Daniel D. Daugherty daniel.daugherty at oracle.com
Mon Apr 30 15:57:45 UTC 2018


On 4/30/18 11:53 AM, Erik Österlund wrote:
> Hi Dan,
>
> On 2018-04-30 17:36, Daniel D. Daugherty wrote:
>> On 4/30/18 9:32 AM, Erik Österlund wrote:
>>> Hi,
>>>
>>> It looks like I broke jniFastGetField on SPARC with my changes to 
>>> modularize this feature (8200235). Sorry about that. And the backout 
>>> of that (8202386) didn't go in due to maintenance. So here is a 
>>> patch to fix the problem instead.
>>>
>>> Webrev:
>>> http://cr.openjdk.java.net/~eosterlund/8202381/webrev.00/
>>
>> src/hotspot/cpu/aarch64/gc/shared/barrierSetAssembler_aarch64.cpp
>> src/hotspot/cpu/aarch64/gc/shared/barrierSetAssembler_aarch64.hpp
>> src/hotspot/cpu/aarch64/jniFastGetField_aarch64.cpp
>>     Addition of the placeholder 'jni_env'; you went to the trouble
>>     of changing 'robj' -> 'obj' on the other platforms, but not here
>>     which is inconsistent.
>
> Fixed. I changed it here too.
>
> Full:
> http://cr.openjdk.java.net/~eosterlund/8202381/webrev.01/
>
> Incremental:
> http://cr.openjdk.java.net/~eosterlund/8202381/webrev.00_01/
>
>> src/hotspot/cpu/sparc/gc/shared/barrierSetAssembler_sparc.cpp
>> src/hotspot/cpu/sparc/gc/shared/barrierSetAssembler_sparc.hpp
>>     Addition of the placeholder 'jni_env'; why rename 'robj' -> 'obj'?
>>
>> src/hotspot/cpu/sparc/jniFastGetField_sparc.cpp
>>     Addition of the placeholder 'jni_env'; why rename 'robj' -> 'obj'?
>>
>
> I changed the name because no other register in these files have the r 
> prefix for the register variables (as they do in the jniFastGetField 
> files), and I simply could not keep my fingers from fixing that 
> inconsistency.

Sounds good. Thanks for explaining.


> On SPARC, unlike x86_64, the temporary register (G3) gets immediately 
> clobbered after calling the try_resolve_jobject_in_native function.

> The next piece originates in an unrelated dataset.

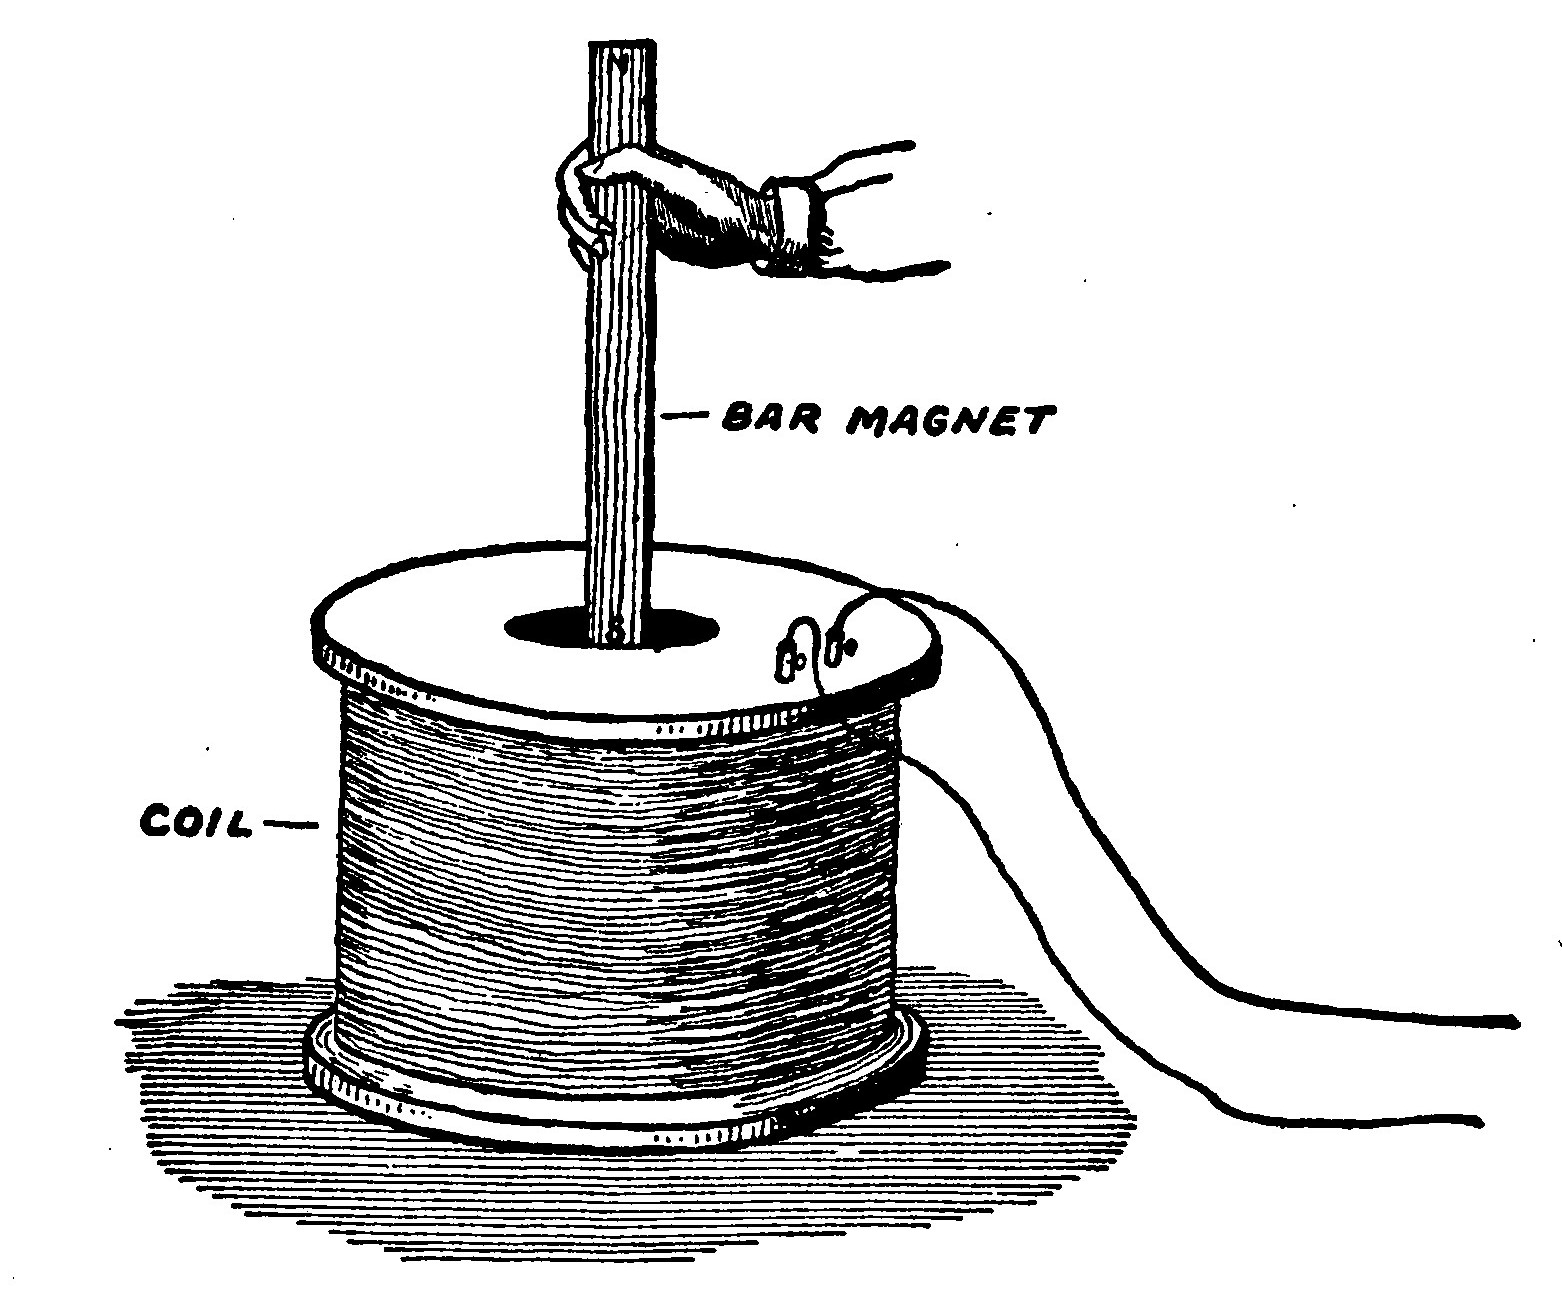 Fig. 86.—Showing how a Current of Electricity may be induced by a Bar Magnet and a Coil.
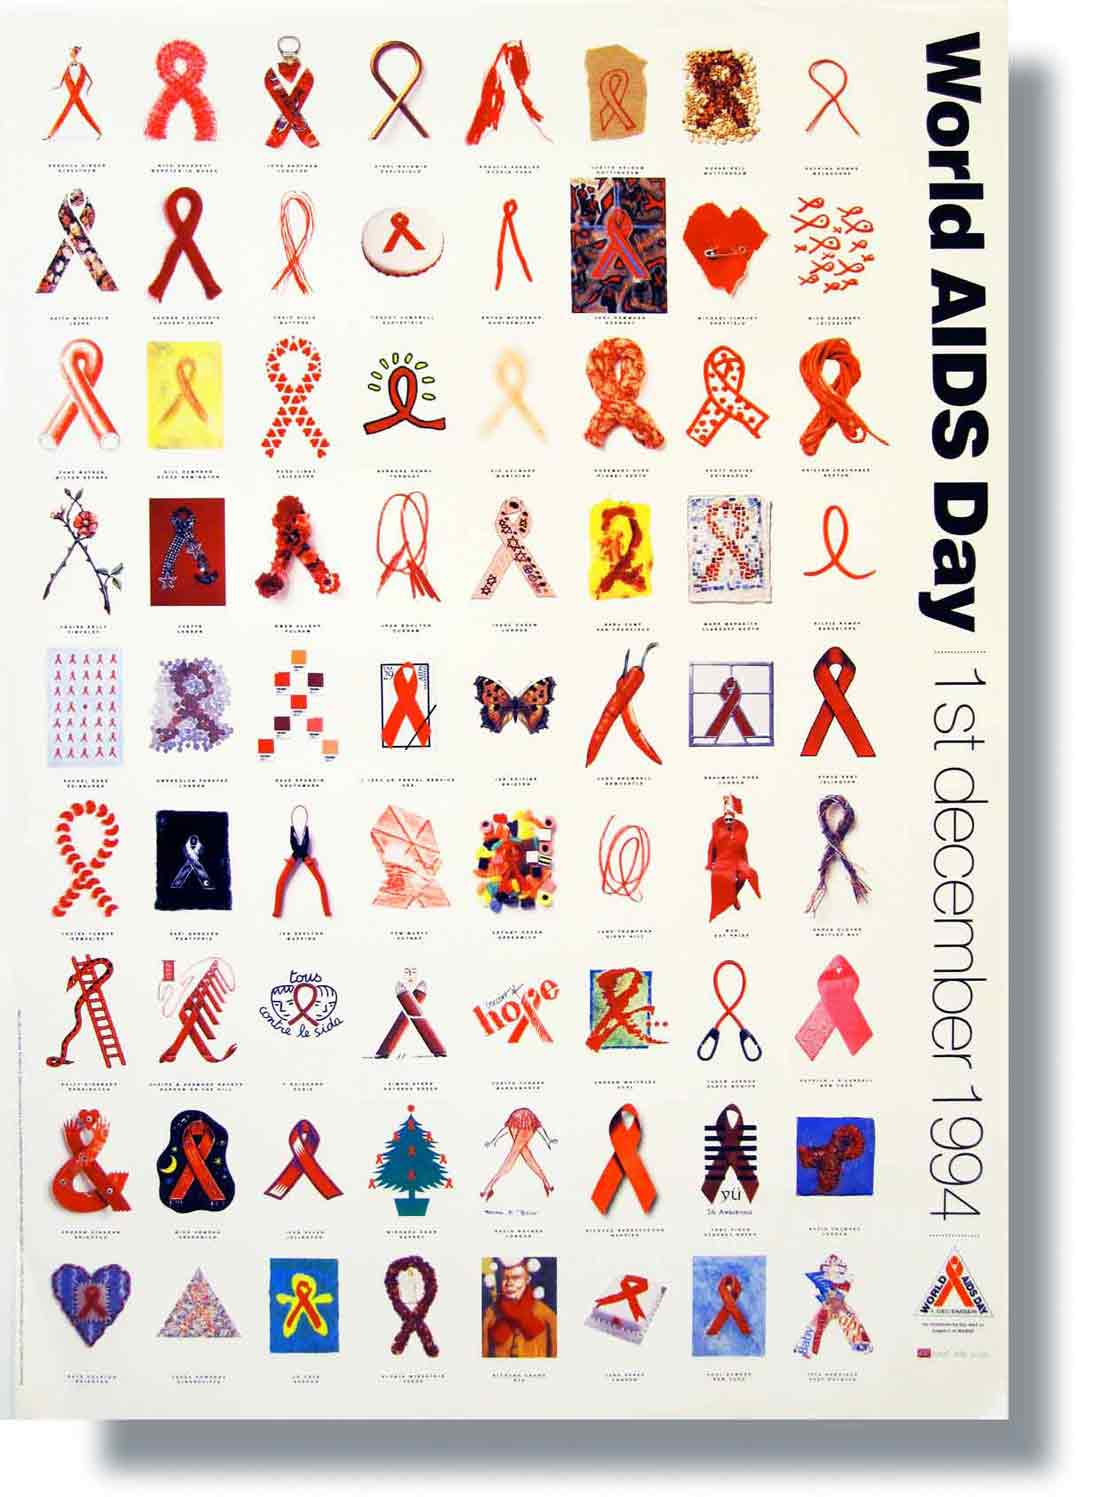 World Aids Day Red Ribbon Poster 1994 designed by ideology.uk.com

How/where? I just don't see it, but my SPARC assembly is rusty...


> Therefore, I did not bother clobbering it afterwards as it will 
> already be clobbered. On x86_64 on the other hand, the temporary 
> register (r8) is not clobbered by the rest of the code, so I decided 
> to explicitly clobber it so that any mistakes here become more easily 
> reproducible.

Yup. I liked that change.


>
>>     L74:   // Both O5 and G3 are clobbered by 
>> try_resolve_jobject_in_native.
>>         You are passing 'G3' as 'tmp'. I don't see where/how in
>>         try_resolve_jobject_in_native() that the 'tmp' parameter gets
>>         clobbered.
>>
>
> It is used by ZGC only to materialize a mask for catching stale pointers.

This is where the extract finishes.